Comment by monocasa
One piece I would find interesting to see data on, but don't really know how to get meaningful information on against modern, non-academic cores is the fact that reorder buffers I've seen aren't just arrays of single instructions (and dependency metadata), but instead look more like rows of small traces of a few alu/ldst/etc instructions, and one control flow instruction per row. It kind of ends up looking a lot like a a modern CISC microcode word with a triad/quad/etc of operations and a sequencing op (but in this case the sequencing op is for the main store, not the microprogram store). That means in some cases, you have to fill the ROB entries with NOPs (that to be fair don't actually hit the backend) in order to account for a control flow op in an inopportune place.
The conventional wisdom is that conditional moves mainly uplift in order pipelines, but I feel like there could be a benefit to increased ROB residency on OoOE cores as well with the right architecture.

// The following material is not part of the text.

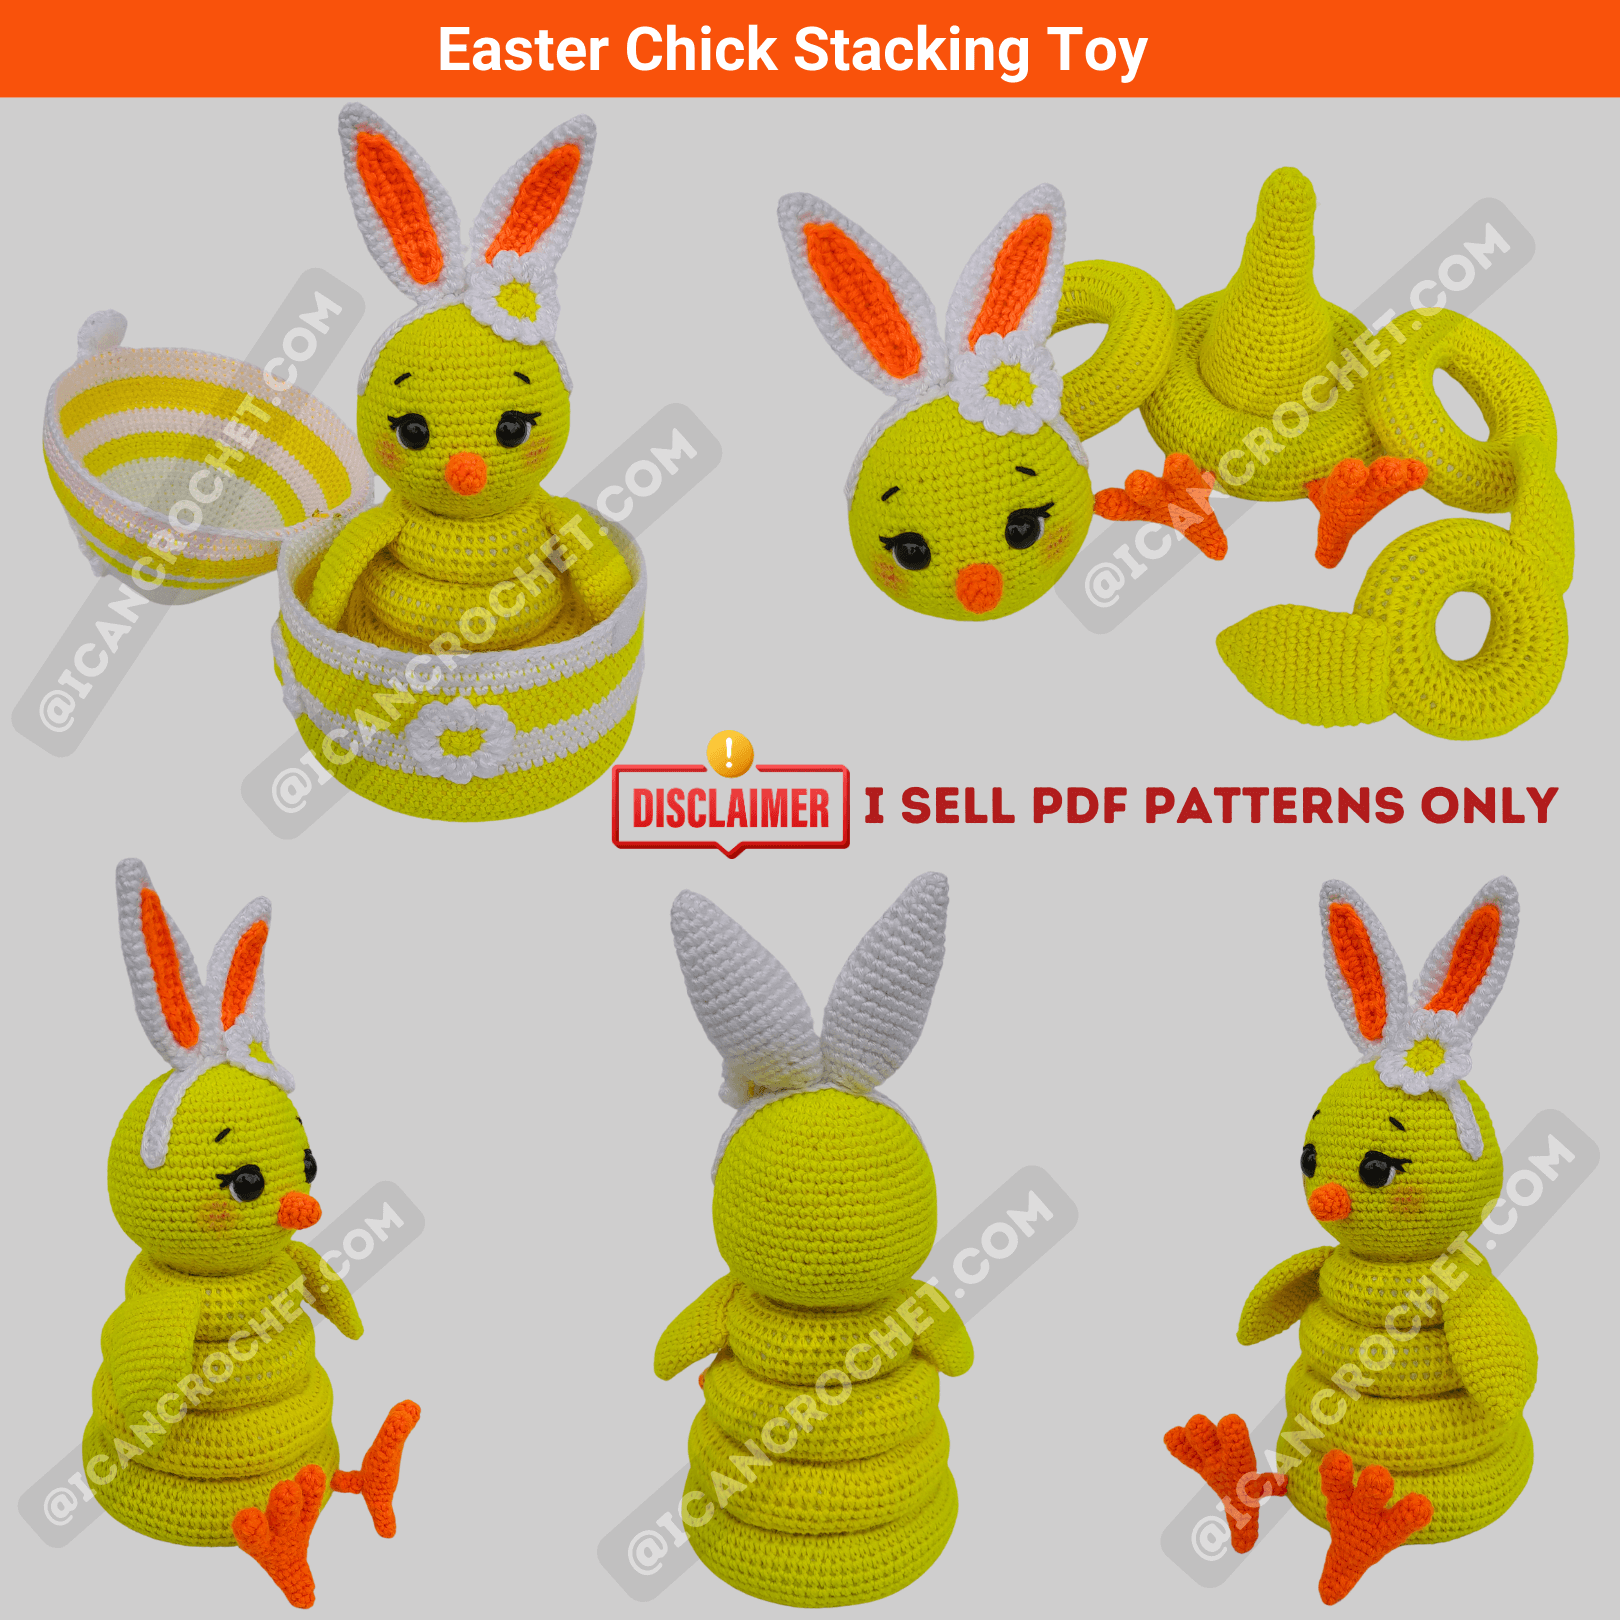 Easter Chick with egg crochet toy pattern

But like I said, I don't have a good way to prove that or not.
The main argument against using CMOV on OoO cores is that it creates data dependencies. The backend can't start executing downstream dependant μops until after the cmov executes.
At a first glance, it might seem insane to replace a simple data dependancy with a control-flow dependency, control-flow dependencies are way more expensive as they might lead to a miss-predict and pipeline flush.
But to understand modern Massively-Out-of-Order cores, you really need to get in the mindset of "The branch predictor stupidly accurate", and actually optimise for the cases when it was right.
If the data is anything other than completely random, the branch predictor will guess correctly (at least some of the time) and the dependency is now invisible to the backend. The dependency chain is broken and the execution units can execute both segments in parallel.
--------
So while more CMOVs might help with ROB residency, I'm really not sure that would translate to overall improved performance.
But this does make me wonder if it might be worth while designing an μarch that could dynamically swap between executing a CMOV style instruction as a branch or conditional move? If the CMOV is predictable, insert a fake branch into the branch predictor and handle it that way from now on.